The sick room was built for the comfort and utility of an ageless, bedridden female relative who enjoyed sewing children's clothes of imminent practicality--play clothes, school smocks, and costumes of delightfully ambiguous theme--but was easily exhaustible in the company of visitors. Sometime in the last decade she had accepted the invitation to stay at a boarding school with an infinite amount of mending and a small theatre to sew for. Not only was it a pleasant change from the confined space of the room in which she had lived for several years, but the country air suited her much better than that of the sea and the mountains and she could hear the voices and footsteps of children without having to be perpetually among them.

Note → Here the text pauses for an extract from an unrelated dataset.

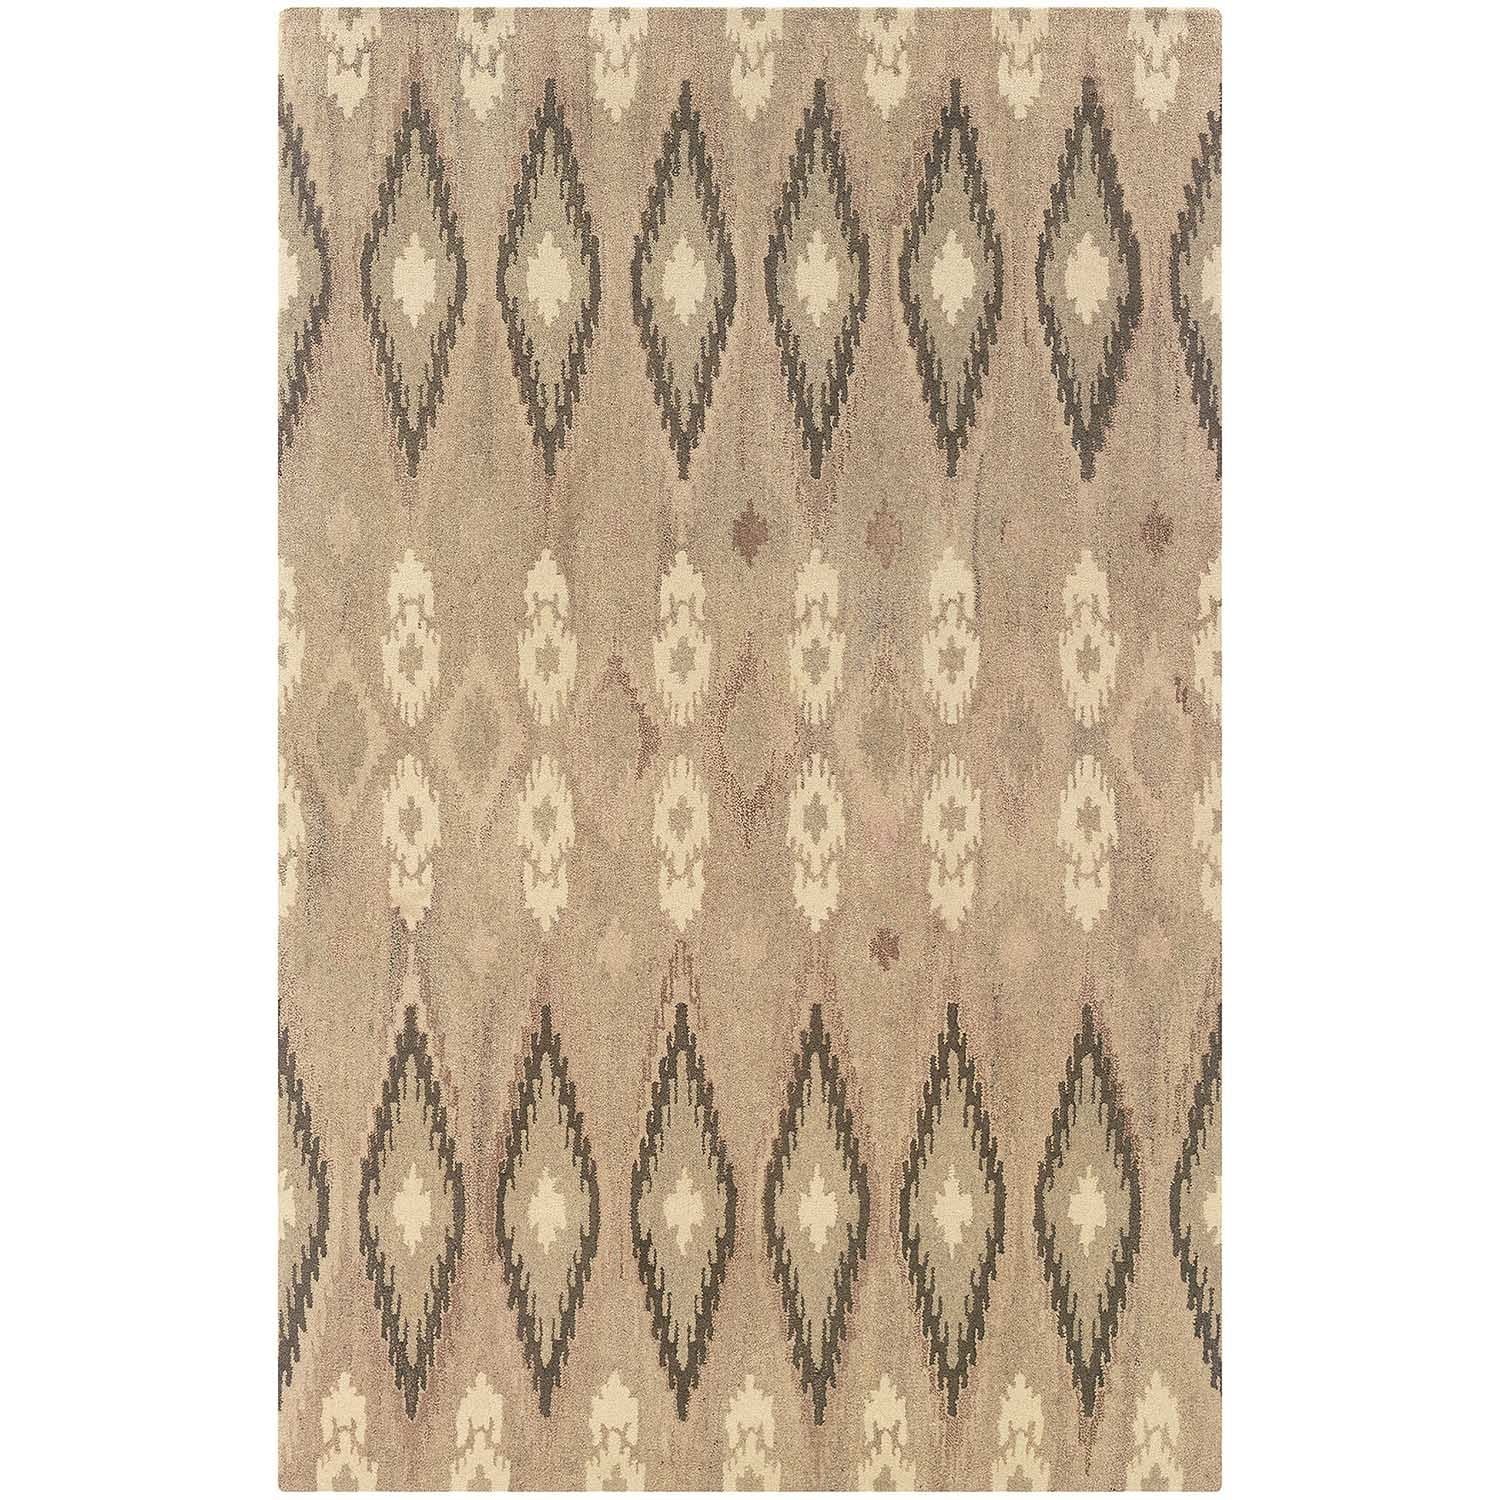 Style Haven Ikat Pattern Hand made Beige/ Ivory Rug (8 X 10) Beige Size 8 x 10

Her former room was kept tidy and clean but rarely used: the infirmary was a better place for seasonal complaints and riding accidents, and people generally kept to their rooms with their pneumonia and occasional bouts of rheumatism. The slightly oversized bed was bare of linens, and the small bookshelf beside it held a half-dozen second and third volumes of three-volume novels, all with broken spines and grubby pages. Every month, the room was given a thorough cleaning, on the housekeeper's orders. "Just in case," she reminded everyone in foreboding tones that spoke of an invalid doom to the younger maids.
Well, I actually started out with a scene rather than this setting, but oh well. Another time will do for writing up that. It needs to brew a while, anyway, I guess.